On August 3, 2016, the U.S. Food and Drug Administration approved the first generic version of Tamiflu (oseltamivir phosphate), a widely used medication for the treatment of the flu (influenza A and B) in patients two weeks of age and older who have had flu symptoms for no more than 48 hours; and prevention of the flu in patients one year of age and older. Tamiflu was approved in 1999.
The FDA is committed to improving patient access to safe and effective generic drugs. Generic drugs approved by the FDA have the same high-quality and strength as brand-name drugs. The generic manufacturing and packaging sites must pass the same quality standards as those of brand-name drugs.

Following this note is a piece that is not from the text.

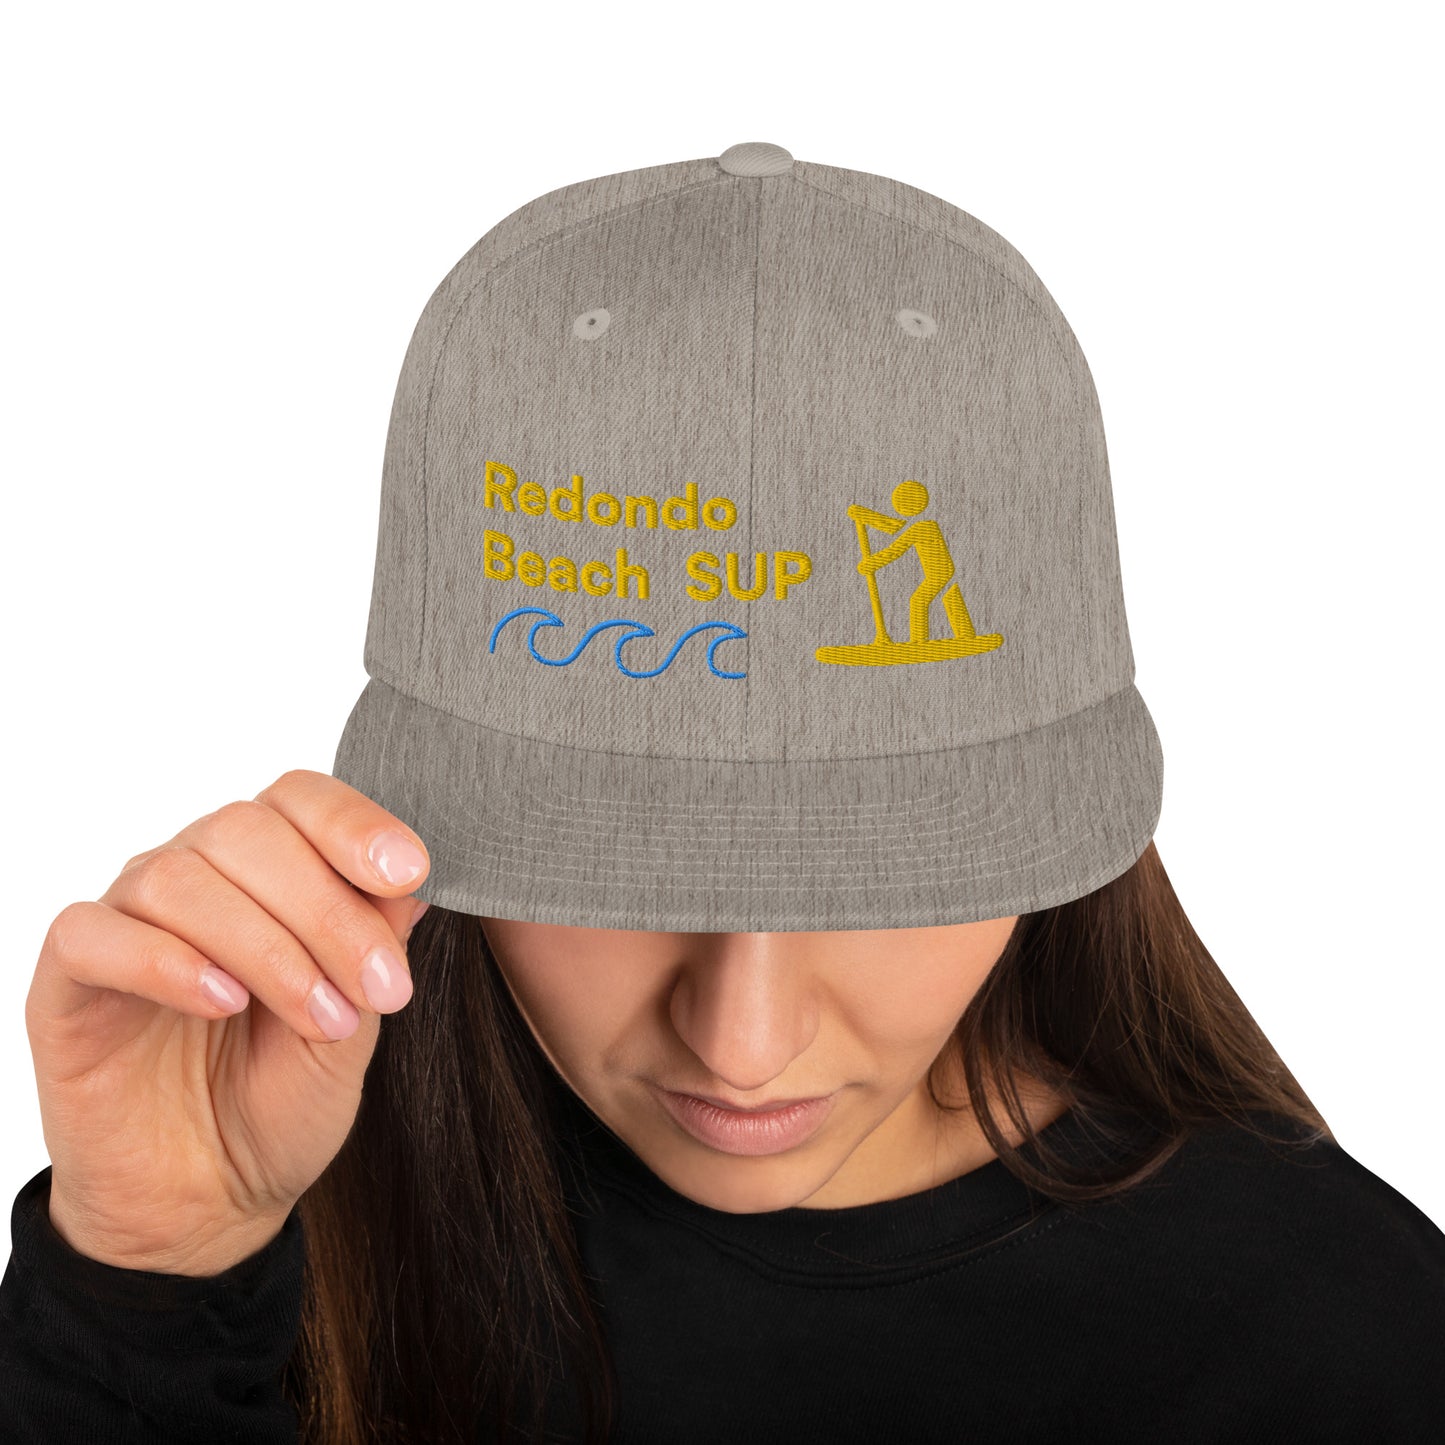 Redondo Beach - California - South Bay - Snapback Hat - SUP Style

The most common side effects reported by people using oseltamivir phosphate in clinical trials included nausea and vomiting.
Patients must use oseltamivir phosphate as directed by their health care provider. Oseltamivir phosphate does not take the place of receiving a flu vaccination. Talk to your health care provider about when you should receive an annual flu vaccination.
Oseltamivir phosphate does not treat or prevent illness caused by infections other than the influenza virus, and oseltamivir phosphate does not prevent bacterial infections that may happen with the flu. The FDA does not know if oseltamivir phosphate is effective in people who start treatment after two days of developing symptoms, or have weakened immune systems.
Patients and health care providers may find more information on oseltamivir phosphate in the drug label.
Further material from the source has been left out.